We present a list of tetrahedra that are known to the author as of the last update of this webpage. In particular, we list the sextuple of dihedral edges in the order
\[(12, 34, 13, 24, 14, 23).\] The same goes for edge lengths.
If you are aware of Dehn invariant zero tetrahedra that are not listed
in this webpage, please share them with me myself (preferably the dihedral angles) and I will update this webpage and acknowledge your contribution.
First Hill Family
This family is parametrized by a single parameter \(\alpha\). For brevity, we denote \( s=\sin(\alpha), c=\cos(\alpha) \).

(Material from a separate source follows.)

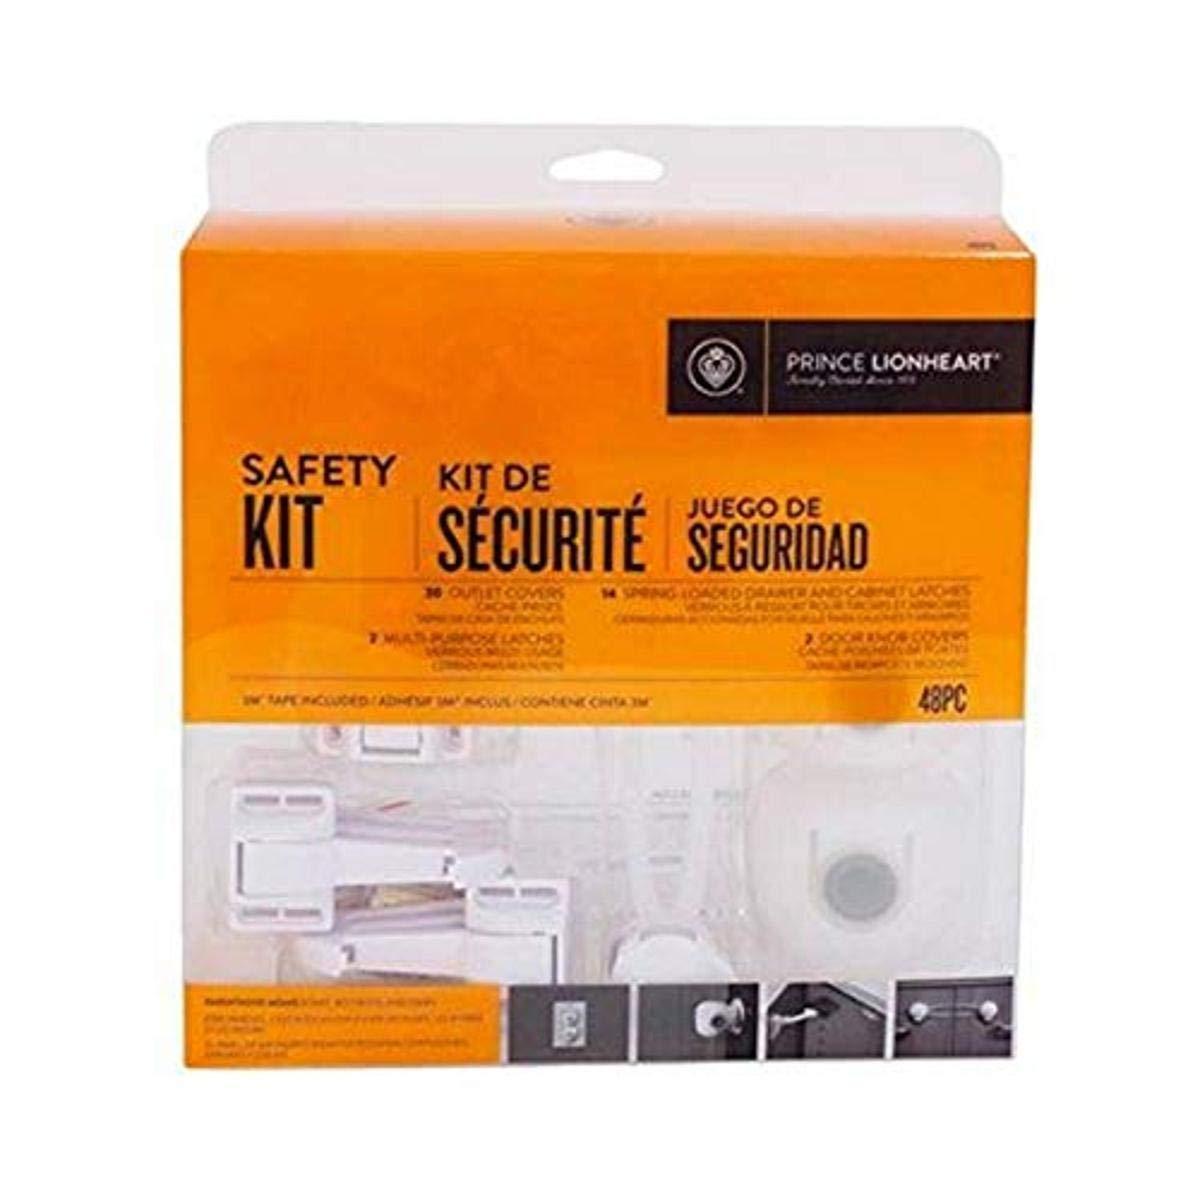 Prince Lionheart Prince Lionheart Safety Kit -48pcs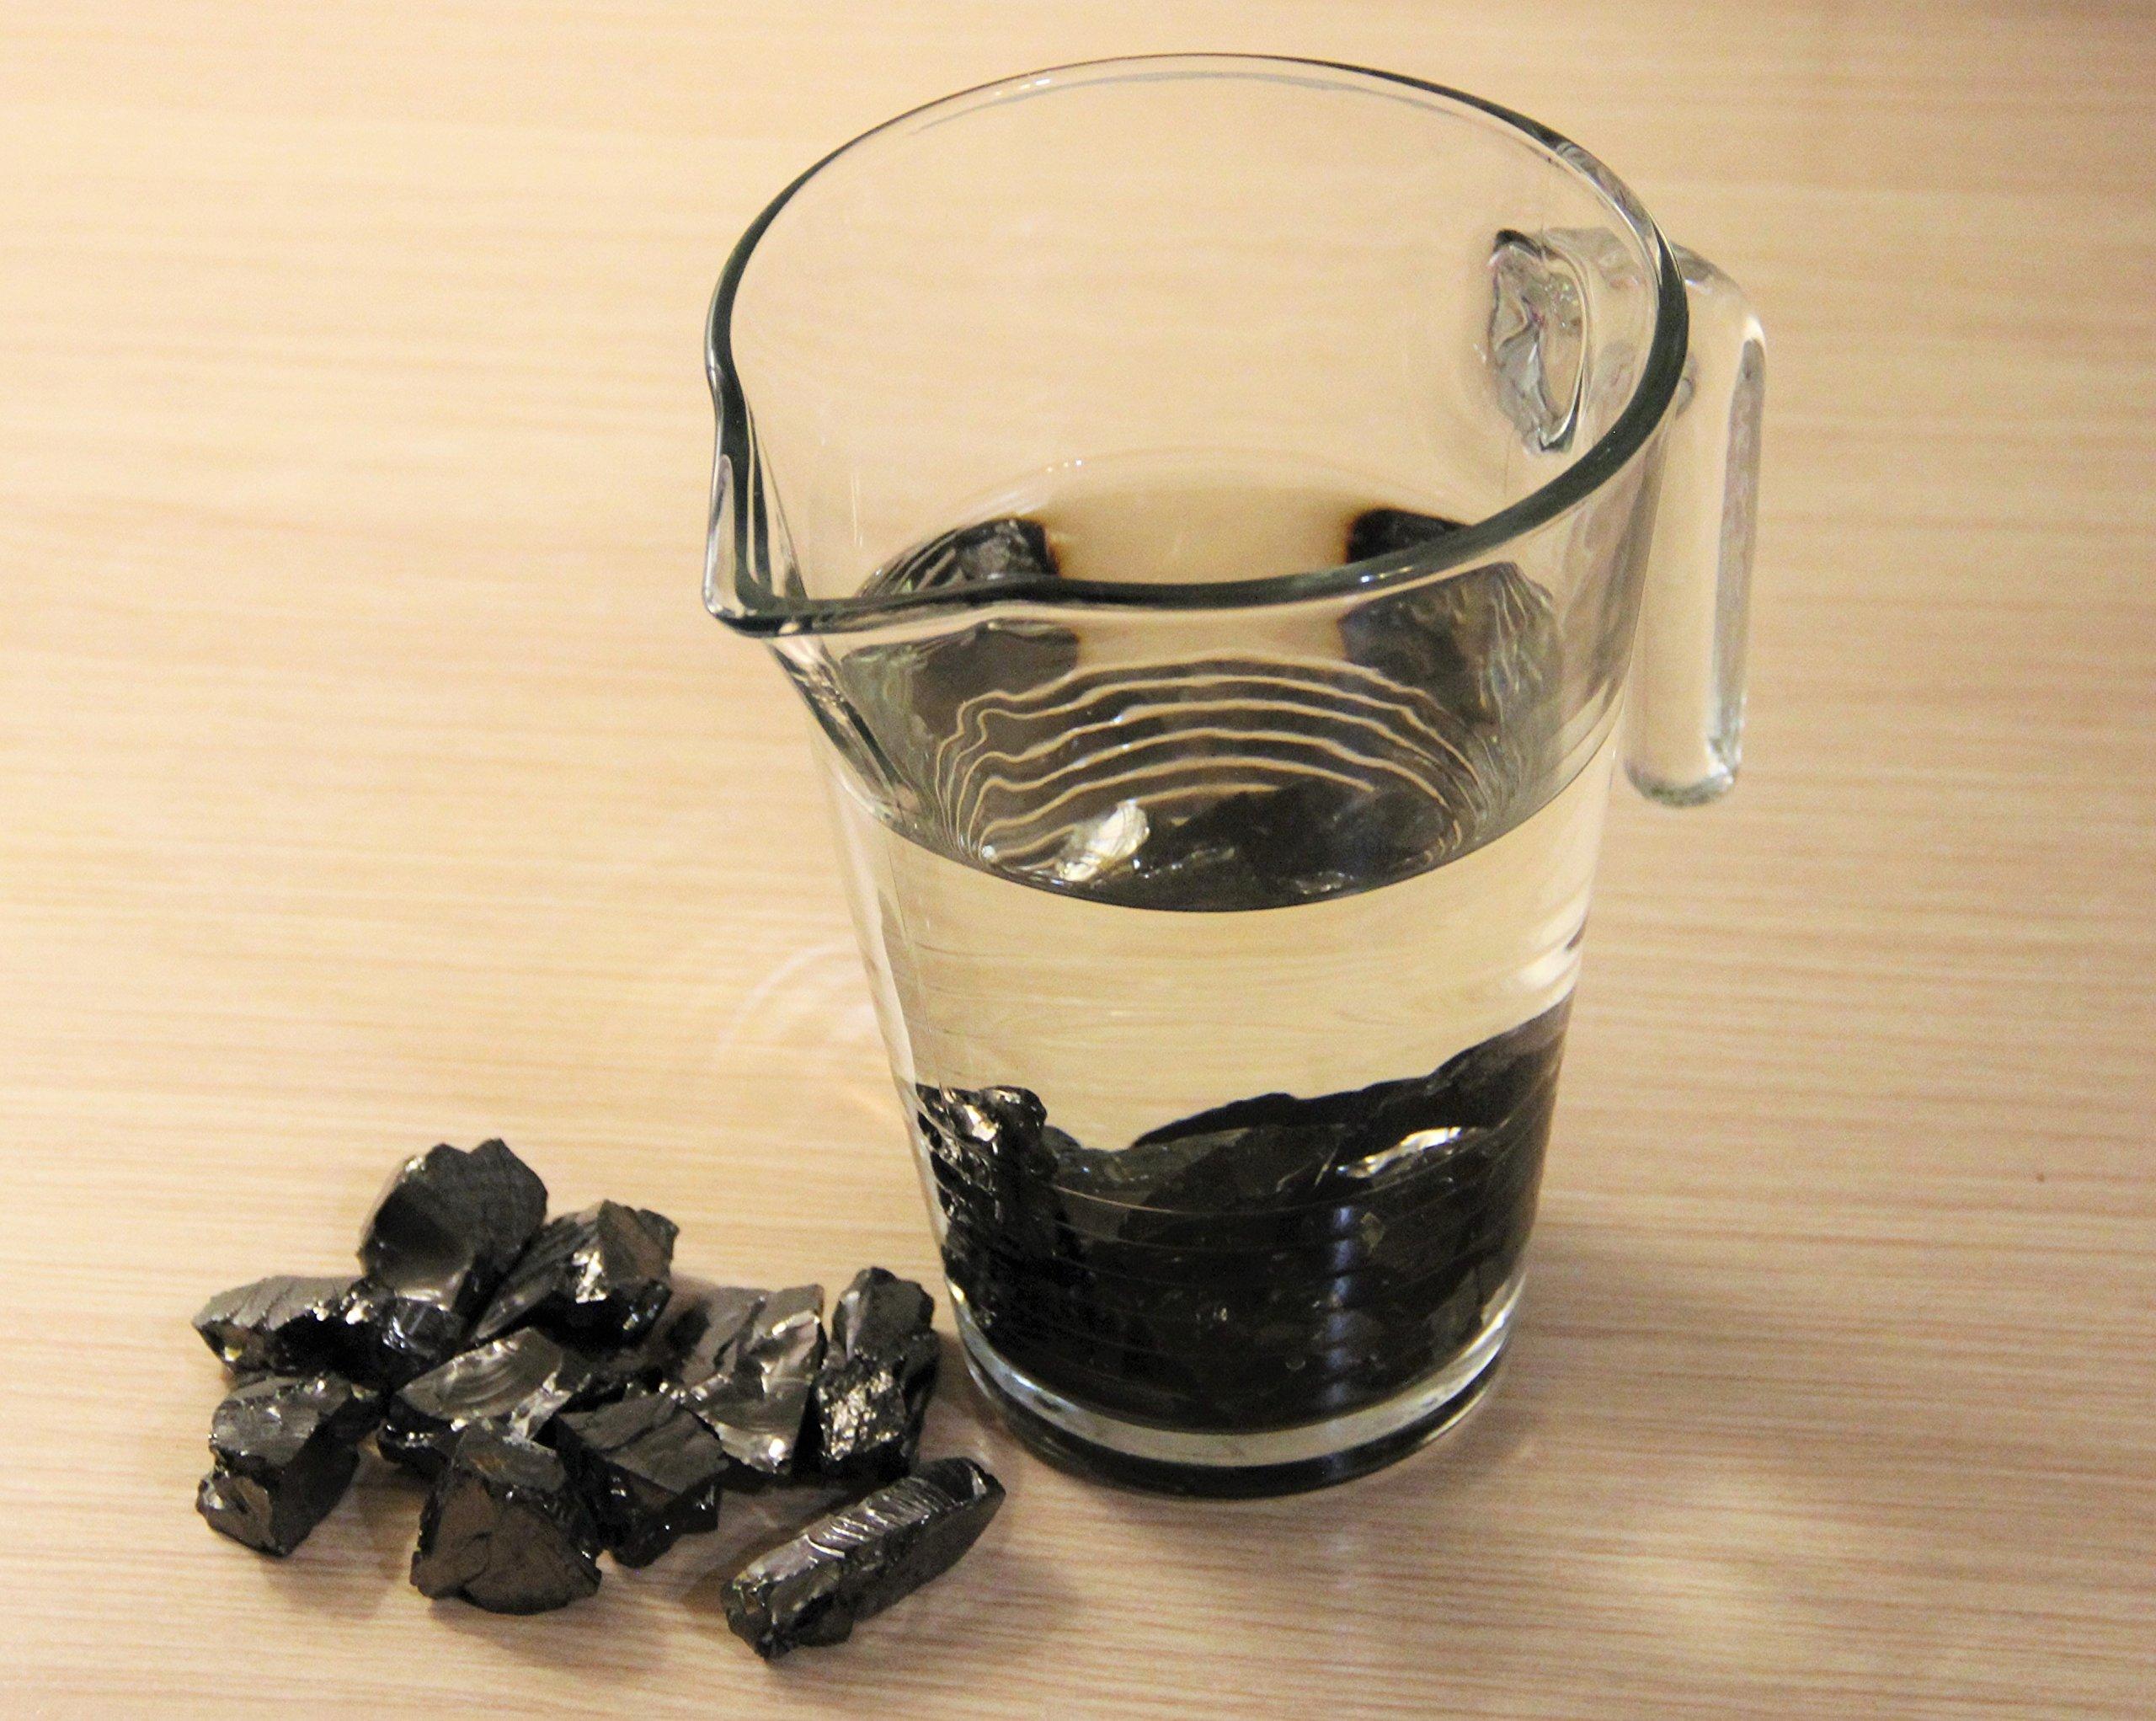 Karelian Heritage: Elite Shungite 0.1 lb (50 Grams) Water Purification Set (15-30 mm stones) ES88 by Karelian Heritage (Image #1)

\begin{array}{|c|c|} \hline
\text{Dihedral Angles}&\text{Edge Lengths}\\ \hline
\color{red} \left( \alpha, \alpha, \frac{\pi}{3}, \pi - 2 \alpha, \frac{\pi}{2}, \frac{\pi}{2}\right) & \color{red} \left( s, s, s, \sqrt{3} c, 1, 1\right) \\ \hline
\left( - \alpha + \frac{2 \pi}{3}, - \alpha + \frac{2 \pi}{3}, \alpha + \frac{\pi}{6}, - \alpha + \frac{5 \pi}{6}, \alpha, \alpha\right) & \left( s, s, \frac{s-\sqrt{3} c}{2} + 1, \frac{s-\sqrt{3} c}{2} + 1, \frac{s+\sqrt{3} c}{2}, \frac{s+\sqrt{3} c}{2}\right) \\ \hline
\left( - \alpha + \frac{2 \pi}{3}, - \alpha + \frac{2 \pi}{3}, 2 \alpha - \frac{\pi}{3}, \frac{\pi}{3}, \frac{\pi}{2}, \frac{\pi}{2}\right) & \left( \frac{s+\sqrt{3} c}{2}, \frac{s+\sqrt{3} c}{2}, \frac{3 s-\sqrt{3} c}{2}, \frac{s+\sqrt{3} c}{2}, 1, 1\right) \\ \hline
\end{array}
Colored in red is the orbit element commonly used to define the family in literature.
Second Hill Family
This family is parametrized by a single realparameter \( \alpha \). For brevity, we denote \( s=\sin(\alpha), c=\cos(\alpha) \) and
\[ \beta = \cos^{-1} \left(\frac{1}{2}\cot \alpha\right) . \]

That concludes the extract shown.